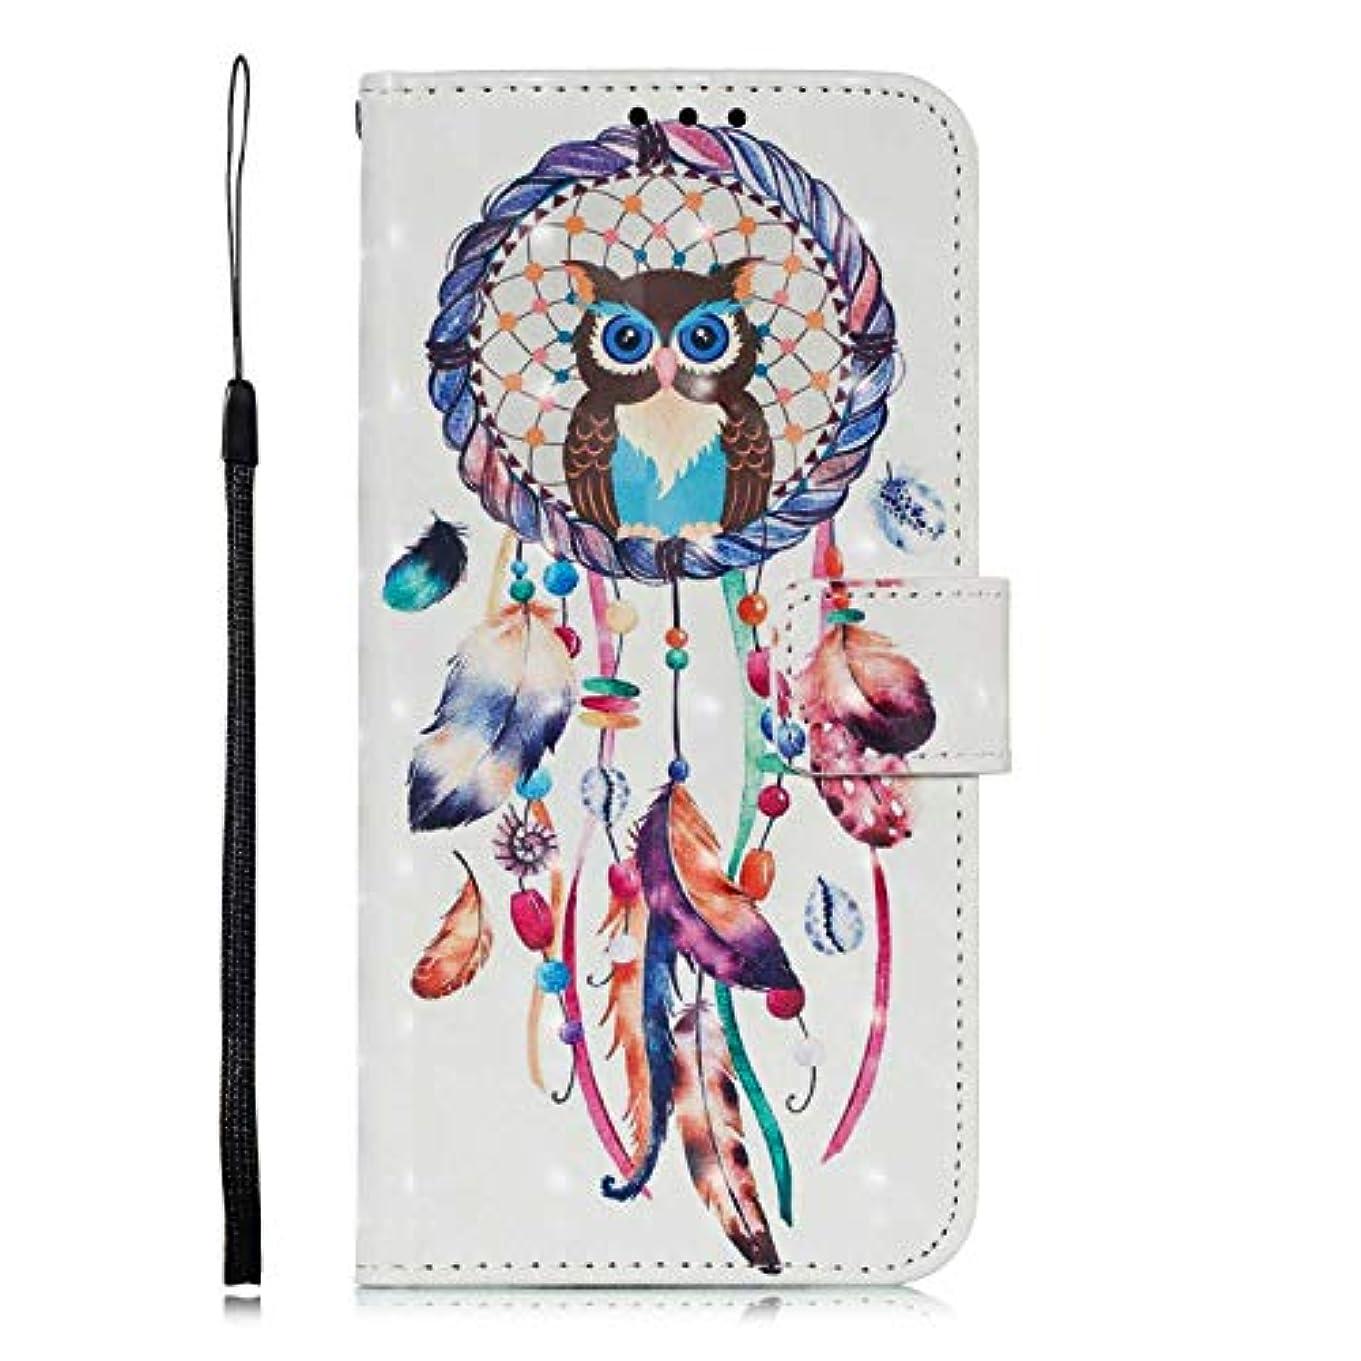 風景マイコンが欲しいOMATENTI Galaxy A8 2018 ケース, ファッション良質 PU レザー 財布型 ケース 薄型 人気 新製品 衝撃吸収 全面保護 スマホケース, 付きスタンド機能, カードホルダー機能 ストラップ付き Galaxy...
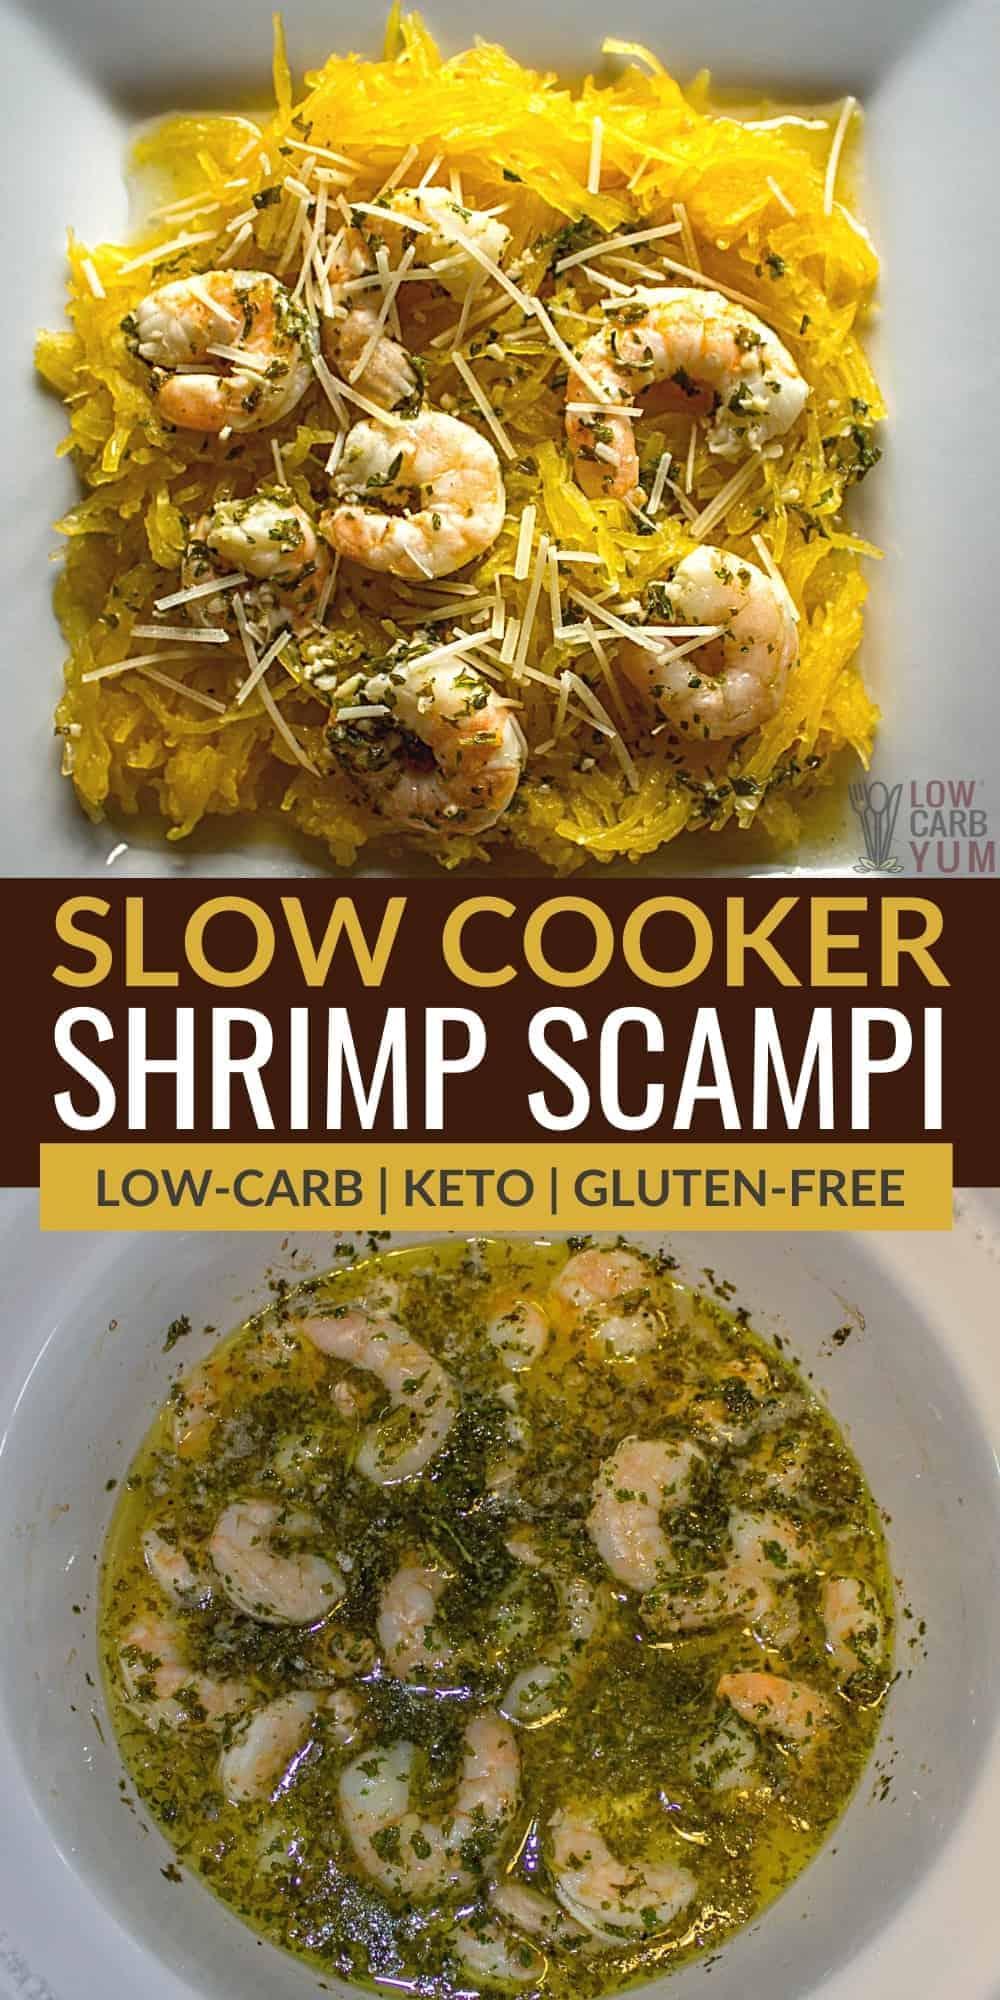 slow cooker crock pot shrimp scampi pinterest image
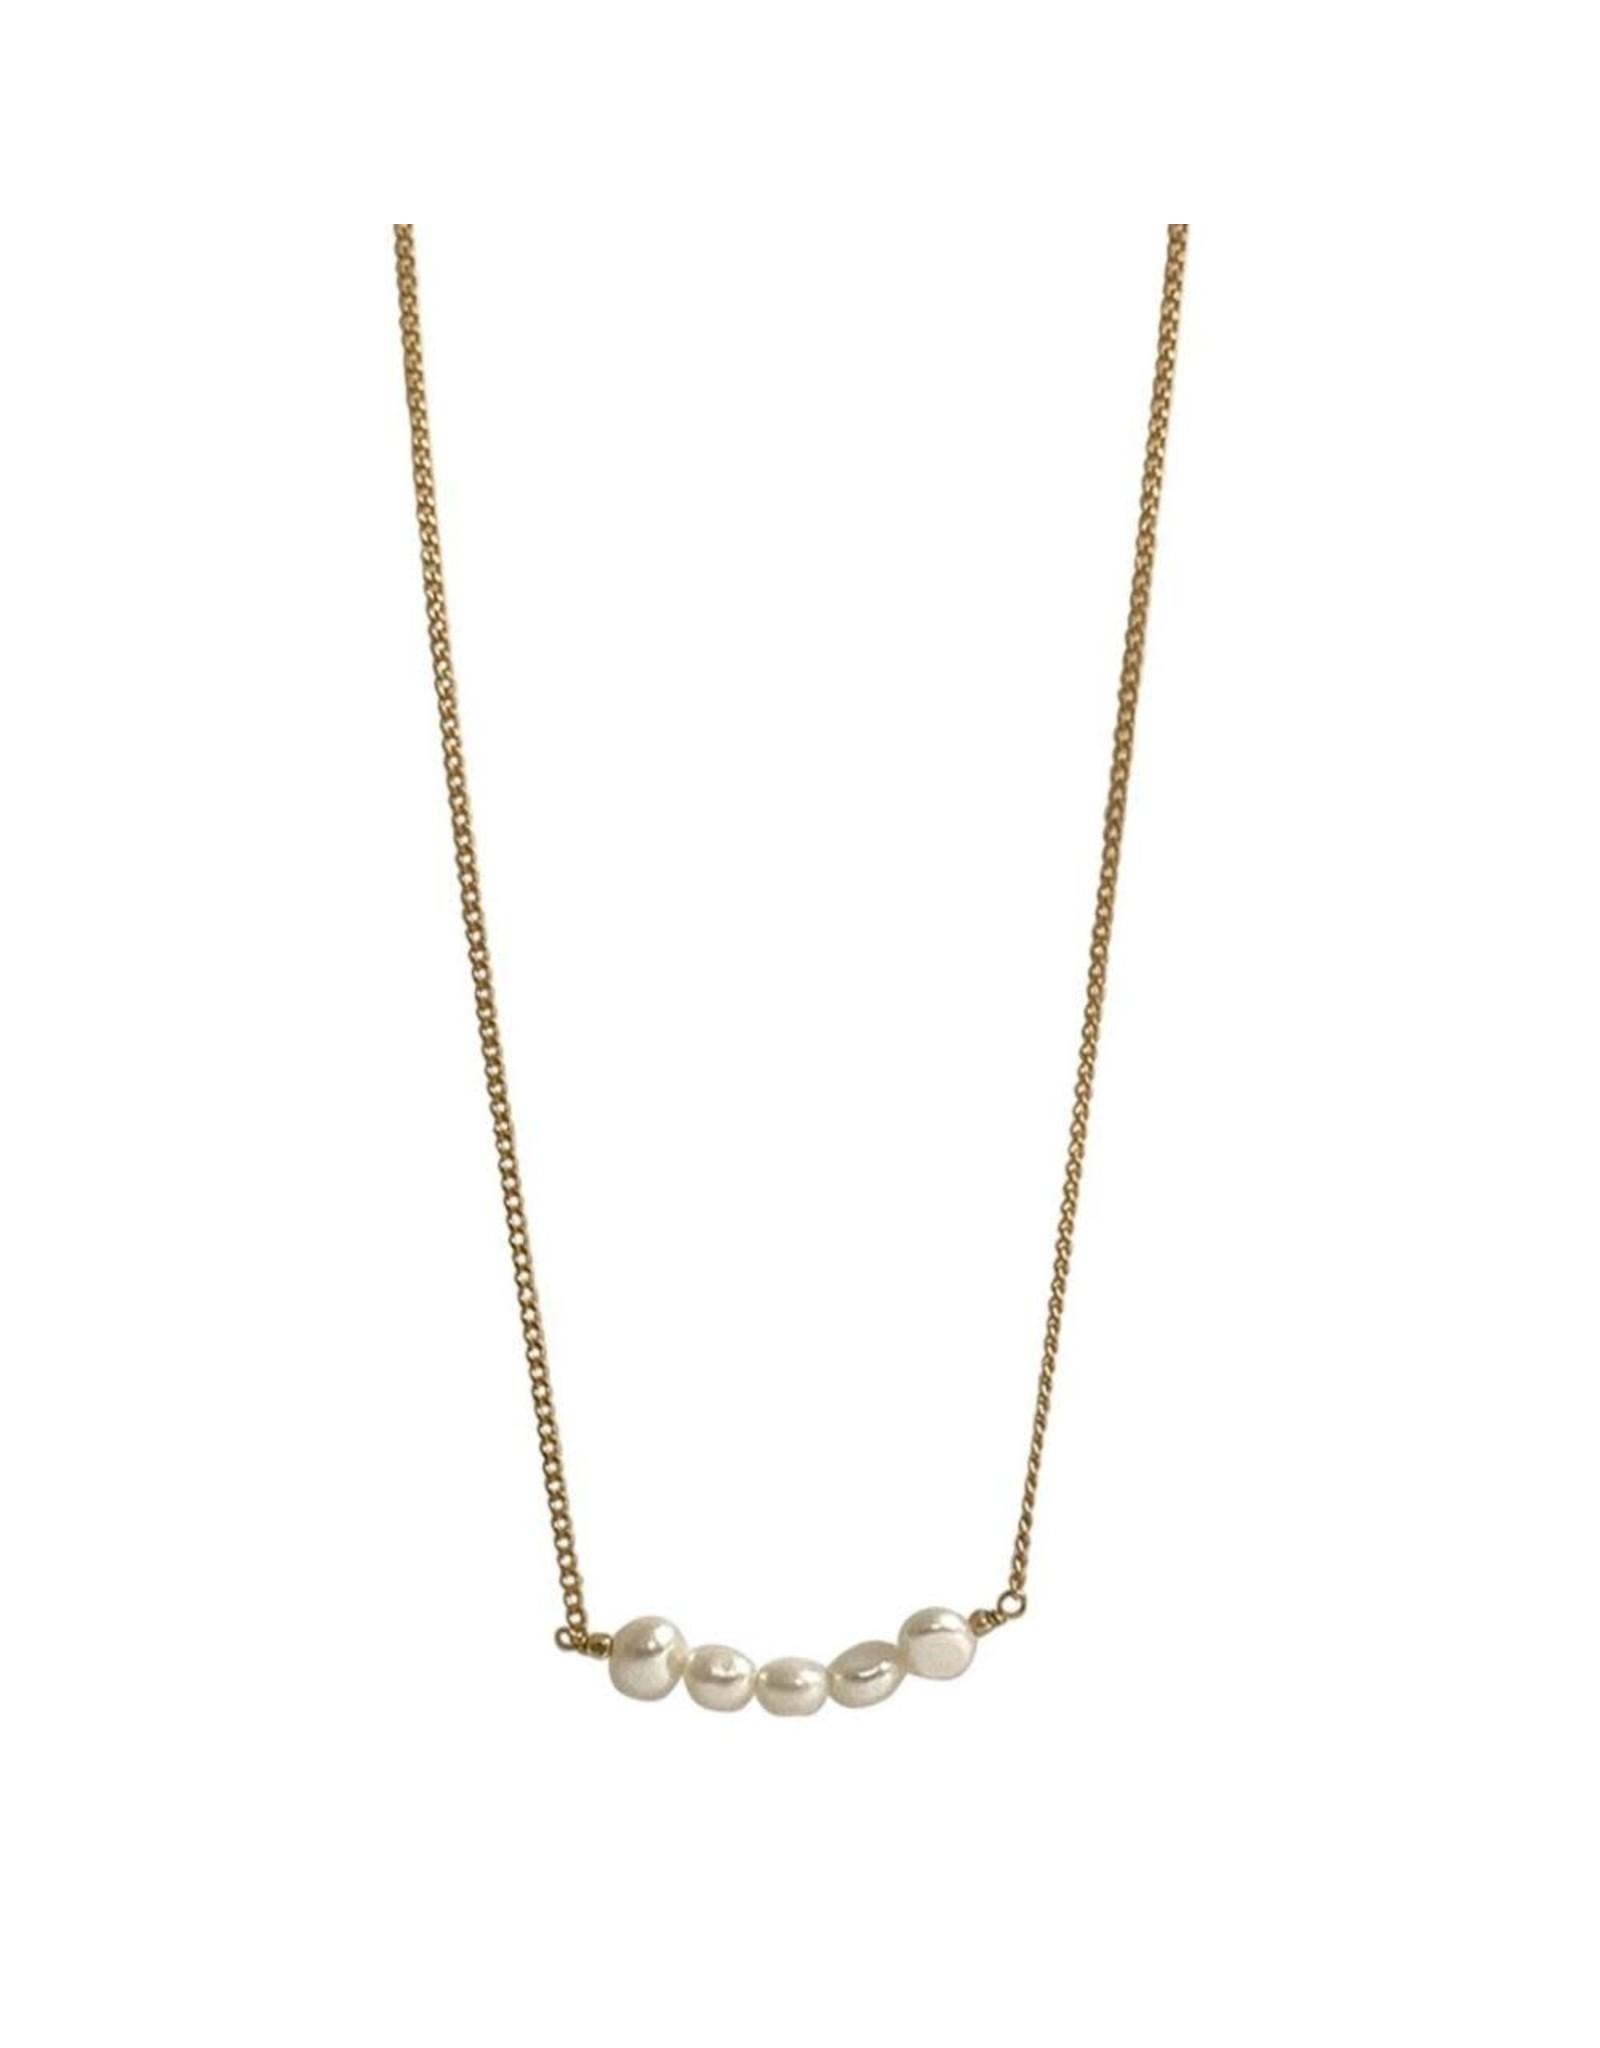 Ibu jewels ketting pearl bar ibu juwels

→ **Goal of the exercise**
Transcribe all the lines above exactly; any image among them is skipped.

→ **Task result**
 風景マイコンが欲しいOMATENTI Galaxy A8 2018 ケース, ファッション良質 PU レザー 財布型 ケース 薄型 人気 新製品 衝撃吸収 全面保護 スマホケース, 付きスタンド機能, カードホルダー機能 ストラップ付き Galaxy...
 slow cooker crock pot shrimp scampi pinterest image
 Ibu jewels ketting pearl bar ibu juwels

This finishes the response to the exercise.